4.2.3. Les outils existants
A partir des années 80, des auteurs ont proposé des programmes de préparation à la lecture adaptés aux personnes déficients intellectuelle. Martini-Willemin et Chatelanat (2002) citent notamment ceux de Buckley et Bird (1993), Buckley (1995) et Oelwein (1995), qui se pratiquent avec succès, notamment dans les pays anglo-saxons.
En parallèle, des auteurs, tels que Sindelar (1982 ; 1987) et Graves (1987), ont développé des stratégies pour améliorer respectivement la compréhension de phrases et la compréhension des textes.
Pour pouvoir simplifier des textes destinés aux mauvais lecteurs déficients intellectuels, Fajardo et al. (2013) ont mené une étude afin de savoir quand les connecteurs amélioraient la cohésion du texte. L’étude a montré que ni l'augmentation de la fréquence des mots contenus, ni les connecteurs en général n'ont amélioré la compréhension inférentielle.

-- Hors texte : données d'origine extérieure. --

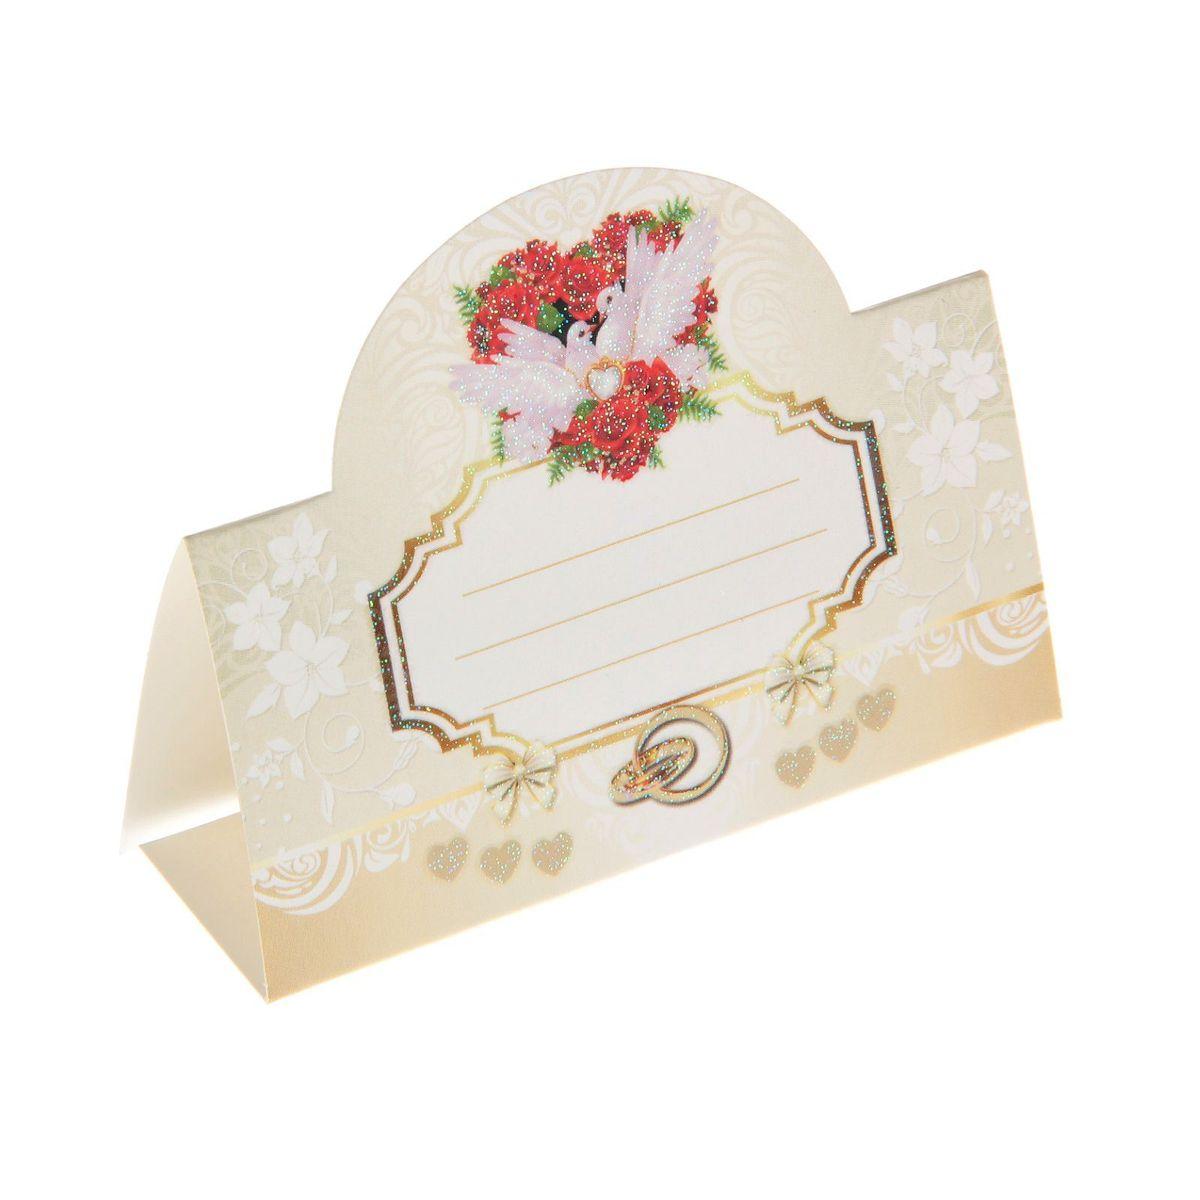 Карточка банкетная Миленд. 12187171218717Красиво оформленный свадебный стол - это эффектное, неординарное и очень значимое обрамление для проведения любого запланированного вами торжества. Банкетная карточка Миленд - это красивое и оригинальное украшение зала, которое дополнит выдержанный стиль мероприятия и передаст праздничное настроение вам и вашим гостям.

L'intérêt de l’approche de simplification des textes (Cf II, 3.2.2.) est représenté par des programmes éducatifs officiels. Le programme, appelé « LecturaFa´cil » (financé par le Ministère espagnol de l'Industrie en 2009), vise à promouvoir la lecture de journaux chez les étudiants déficients intellectuels.
En 2010, l’International Federation of Library Associations and Institutions (Nomura et al.) publie la 2ème edition de « Guidelines for Easy-to-Read Materials ». Elle a trois objectifs : décrire la nature et la nécessité de publications « Easy-to-Read », identifier les principaux groupes concernés par ces publications, et offrir des suggestions aux éditeurs de matériels « faciles à lire » et comment l’organiser et l’agencer pour les personnes ayant des troubles de la lecture. Parmi les groupes ciblés, on retrouve les déficients intellectuels.
Fajardo et al. (2014) ont voulu évaluer l’efficacité de ce matériel auprès d’étudiants déficients intellectuels. L’étude a montré qu’ils répondaient correctement à 80% des questions de compréhension portant sur des textes « Easy-to-Read ».